What is different is the pace of the game. Season 2 is a bit longer than Season 1, around 45 minutes to an hour per episode, and that time is a little more guided than before. Whereas Season 1 left you to mostly wander and puzzle out the details of each location yourself, Season 2 has more cutscenes and incidental events to stumble across. There’s more going on in each area, and that sometimes means the spooks and the puzzles are more spaced out than before. The connections between episodes are also noticeably rougher, with a few of the jumps coming up in the closing cutscene with not much context.
By episode 2 I wasn’t sure if I was liking where it was going or how it was getting there. But by the end of that episode I was hooked, and the game improved to previously unseen heights as it rolled on. For one thing, the puzzles become more intricate and clever further in, especially once you pass the sprawling riddle in episode 2. Season 2 also dispenses with most of the jump scares and stingers of Season 1 in favor of some incredible atmosphere and creeping dread. The stakes of the story are much higher here, and you see that play out in the events that unfold.
I really can’t stress enough how good the atmosphere and storytelling are here. Honestly, The Game Kitchen really gets Lovecraft better than anyone else I’ve seen in the gaming world. Season 2 takes place in a world where ancient, eldritch forces simply are, where they are clearly a foundation of reality and the little people you meet have simply learned to live with them in their own twisted ways. From start to finish you feel that great and terrible weight, moreso than in Season 1, and the story does not shy away from the ultimate confrontation in the end. The final episode is a triumph of eldritch terror, diving head-first into true cosmic horror and giving life to everything hinted at up to the point in a way that does not disappoint.

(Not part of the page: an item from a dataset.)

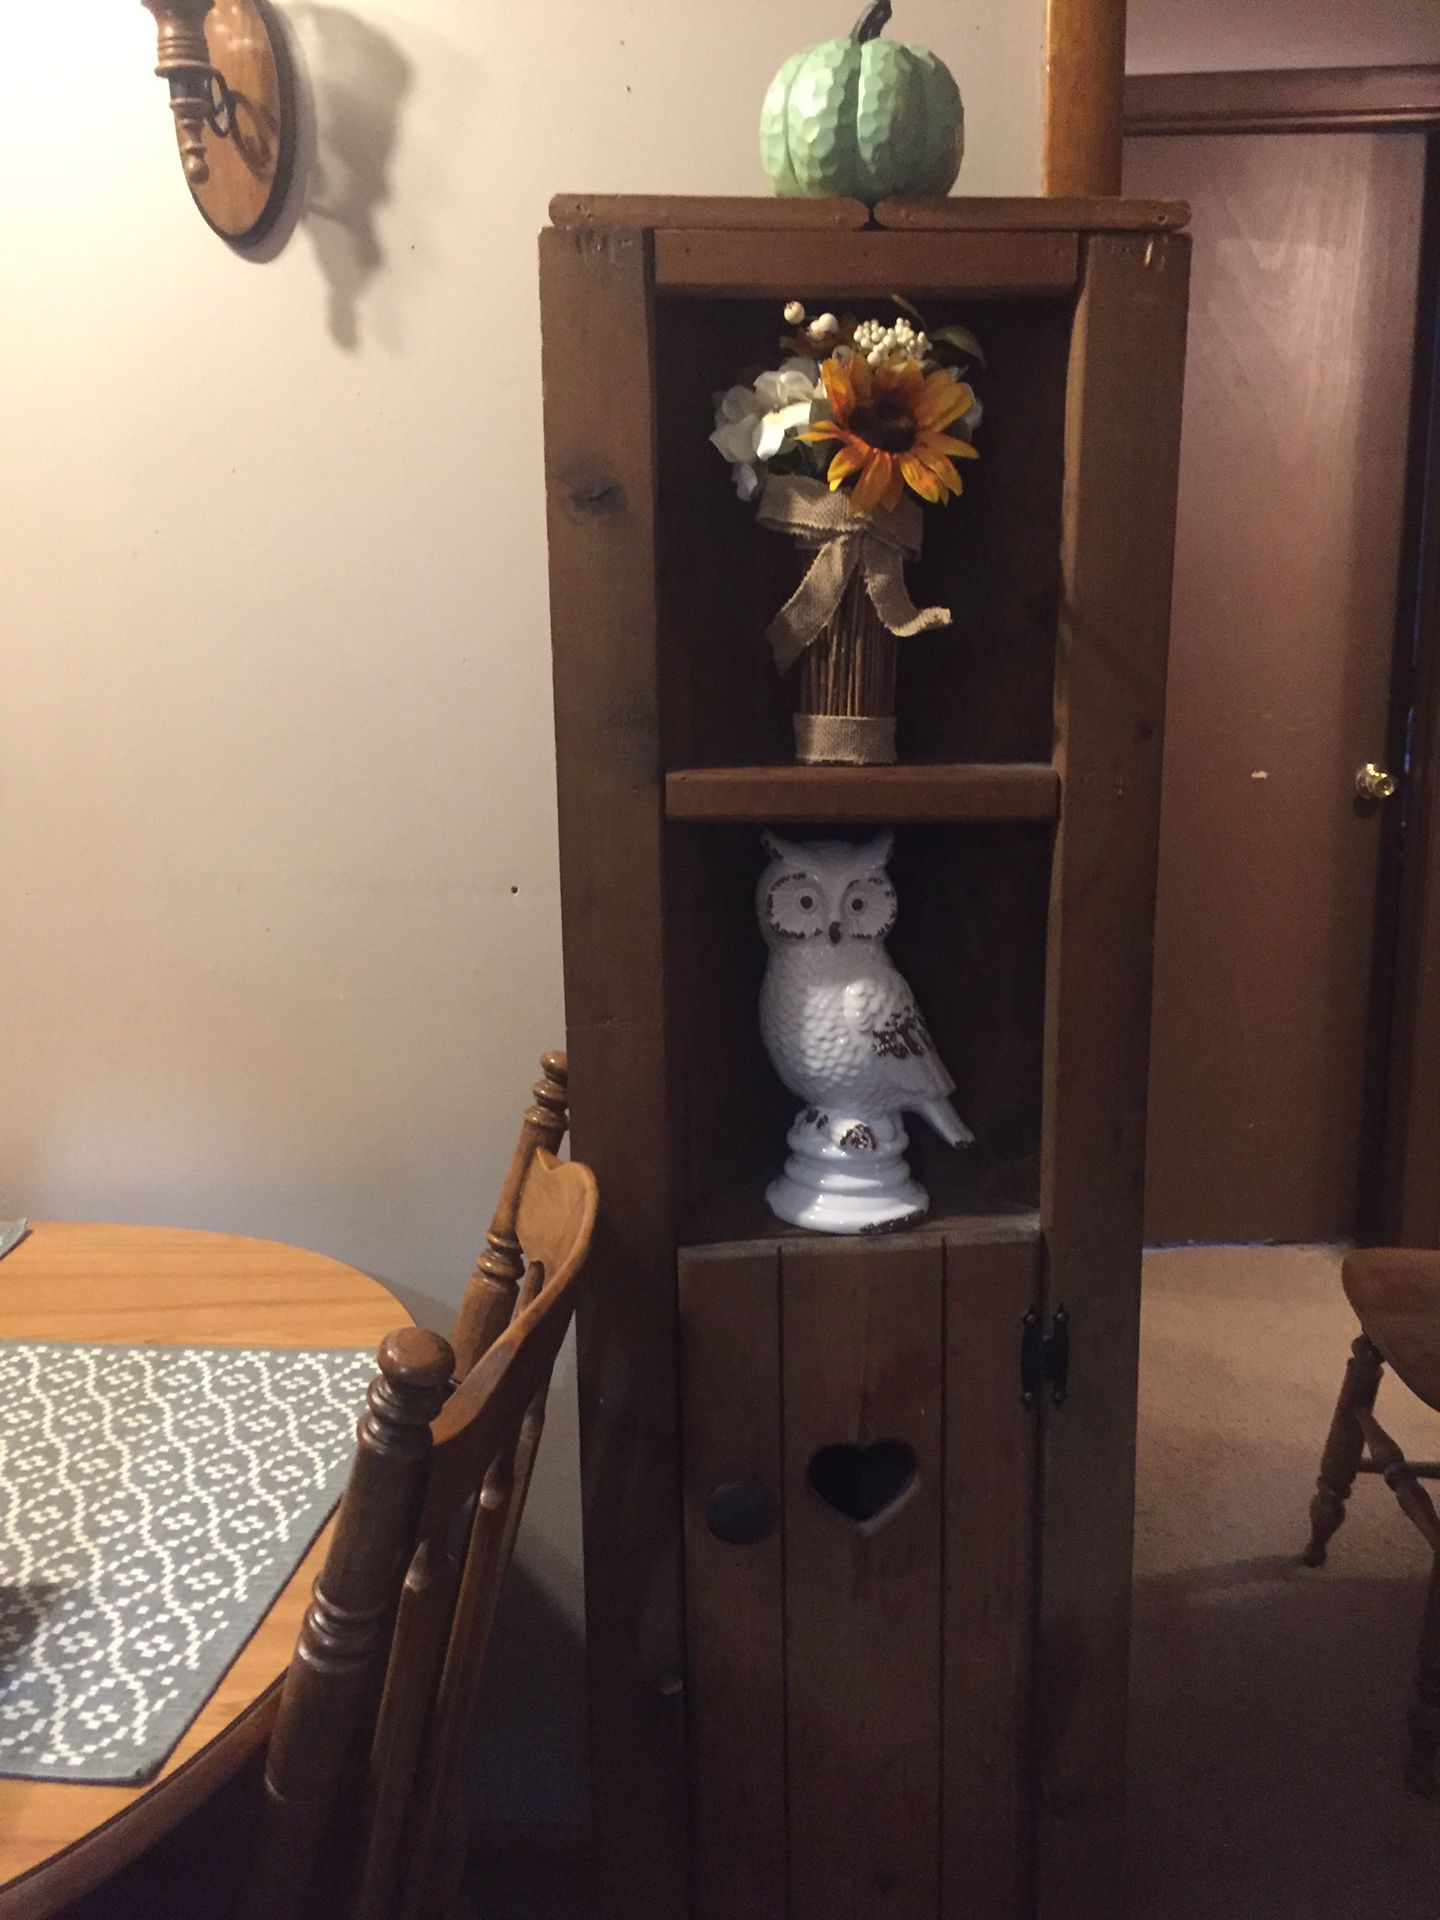 Decorative little shelf

Fans of cosmic horror need to have this series at the top of their list. The Last Door captures that feeling of hopelessness in the face of the vast unknowable, while at the same time telling a very human story about temptation and hubris. Don’t let the chunky pixel art put you off, for it very effectively leaves just enough to the imagination to make the terrors you face that much more terrible. And the the fantastic sound design more than makes up for any graphical gripes, featuring rich, detailed effects and an orchestral soundtrack that soars when it needs to and unsettles when it can. Rare are the games that can engage your fears and imagination so effectively, and The Last Door should be lauded for standing so tall among them.